I’ve been needing to heed my own advice these days. As I find myself with a book to appear in the fall, paradoxically, I also find myself not writing. In all my years of creating books and essays, I’ve never before experienced this void. I was always writing something—an essay, a book chapter, a curriculum for a class I was teaching—and my ordinary life cooperated by frequently offering topics for new writing. “This seems important,” my life would say. “Write about it.” “Think more about that. You may want to write an essay about it.”
Not now. Now, when I ask myself what I want to write, I draw a blank. And if I try to push to the other side of that blank, certain there must be something hiding there, I panic.
For a writer, not writing is a lonely place. A barren landscape empty of trees and plants, colored in grays and tans. My days used to be defined by what I was writing. Now, with non-writing days stretching into weeks, I am beginning to become unsure of my contours, unable to recognize my voice. When I write, I know who I am. Putting one word after another on the page, I hear myself think and speak. I know I am here. Alive.
I didn’t understand this until recently. Didn’t realize how alive my writing was to me. How much it kept me company. Affirmed my existence. But today, after walking and having coffee with my friend early this morning, I came into my studio and felt utterly alone. It didn’t matter that I am married, the grandmother of two adorable girls–who live 15 minutes away—and can count on a circle of close friends. This morning, I was absolutely alone.
I’ve recently planned a writing course called “Thinking Small to Write Big,” which asks participants to write regularly about a very ordinary activity they engage in daily. It could be brushing your teeth, I tell them. Making coffee or tea. Exercise. Meditation. Making the bed. And you can write about any aspect of that activity, I also tell them–from describing your teacup to exploring toothpaste and the choreography of brushing. Just use the activity as your mantra, and if you find yourself venturing too far, remind yourself to return.
I once wrote about walking around a local track for a year. It was that year of walking and writing that breathed life into my relationship with writing, and transformed me into the writer I am today. At the outset, all I did was promise myself that I would walk around the track five days a week and return home to write about my walking. In the end, I had renegotiated my relationship with the world.

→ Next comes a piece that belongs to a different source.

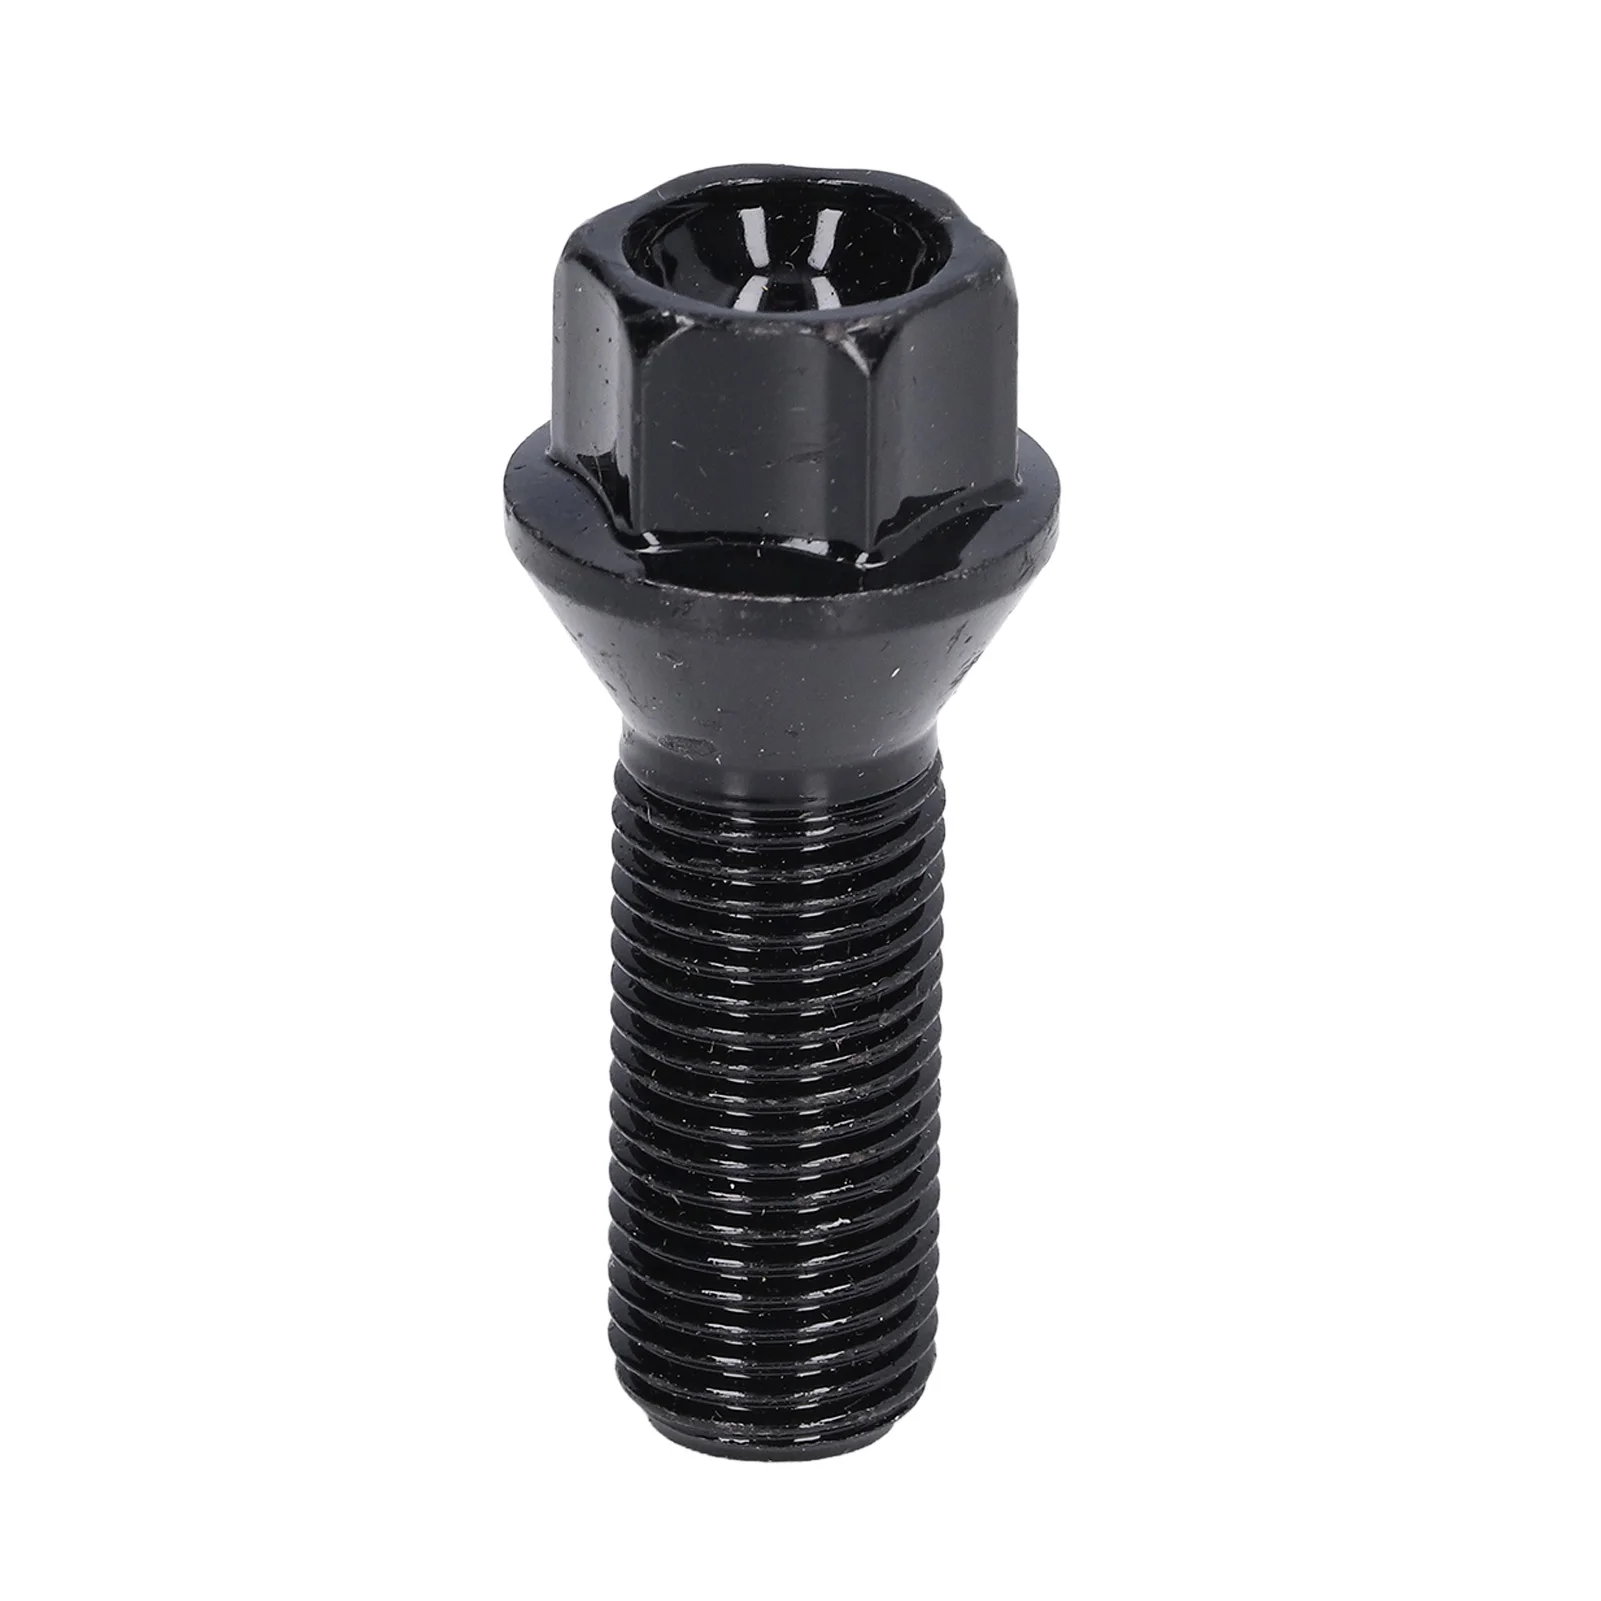 

M14x1.5 Black Steel Wheel Lug Bolt Replacement for 1 Series 2 Series 3 Series 5 Series 7 Series X1x3x5x6 525

I’m going to do this again. Maybe not for a year. But for some weeks at least, I’m going to begin practicing the Buddhist loving kindness mediation each morning. May I be happy, may I be well, may I be peaceful and full of ease, may I be filled with loving kindess.
And I’ll do just what I ask my students and clients to do. I’ll just begin. With no preconceptions. Each day when I finish meditating, I’ll think about the meditation, noticing if any moments call to me, appear more vibrant than the rest. And then I’ll start to write.
Already, at the simple prospect, I feel my heart lighten.